Don Sergio brought forward his plans for regeneration, and was of the opinion that Paquita ought to get rid of Niña Chucha, whom the chalky old gentleman detested most cordially. But the baroness protested that she loved the girl as her own child—almost as much as, if not more than, the dogs, which were the very apple of her eyes.

The baroness suddenly sat up on the sofa.

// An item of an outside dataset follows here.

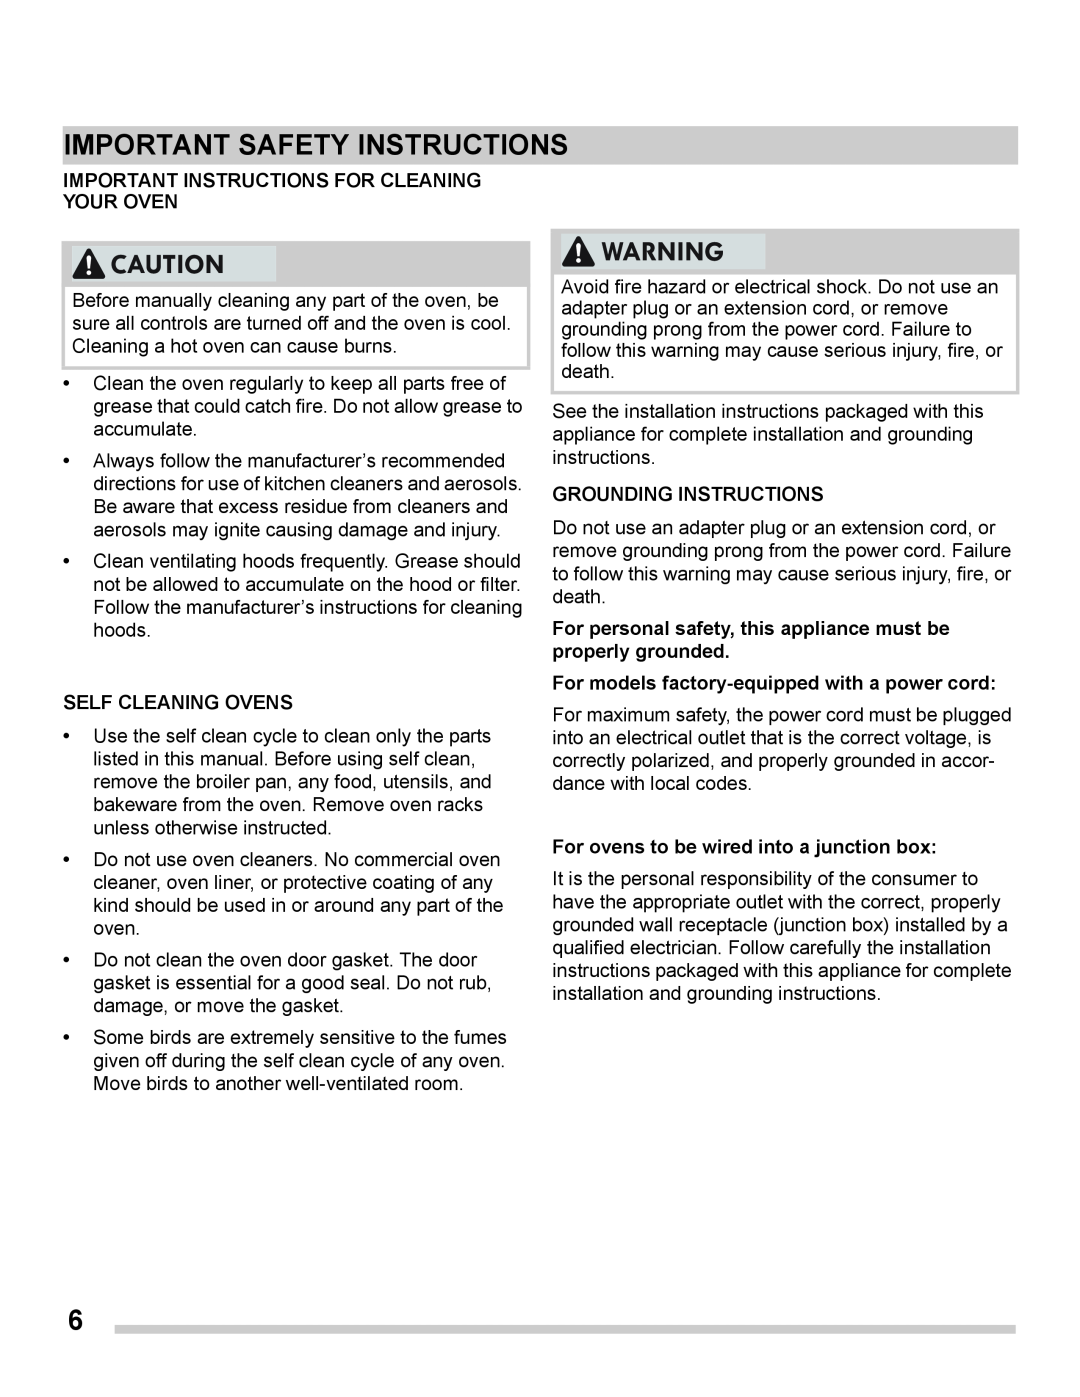 Frigidaire FGET3065PF Important Instructions For Cleaning Your Oven, Self Cleaning Ovens, Grounding Instructions

“I have a plan,” she said to Don Sergio. “Tell me what you think of it. In yesterday’s Imparcial I saw advertised a country house in Cogolludo, with a garden and orchard, at fifty duros per annum. I imagine that it must be a pretty bad place; but, at least it’s a bit of land and a place to live, and even a tiny cabin is enough for me. I could be fitting up the cabin gradually. What do you think of the suggestion, Don Sergio?”

“But why should you leave this place?”

“I didn’t want to tell you,” answered the baroness. “But that fellow simply persecutes me with his insistent attentions.” And she related a heap of lies. The good lady solaced herself with the illusion that her cousin was pursuing her relentlessly, and all the letters that she had written to him she represented as having been written by him to her.

“Naturally,” she went on, “I don’t have to go to the end of the world to avoid that ridiculous troubador.”

“But there’s no train to Cogolludo. You’re going to be awfully bored.”

“Bah! I’ll simply shut myself up in my hut like a saint, and devote myself to watering my garden and tending my flowers ... but I am so unlucky that I’m certain some one must have rented the place by now.”

“No, I’m sure not. But I really don’t see the necessity of your leaving. The boy won’t be able to attend school.”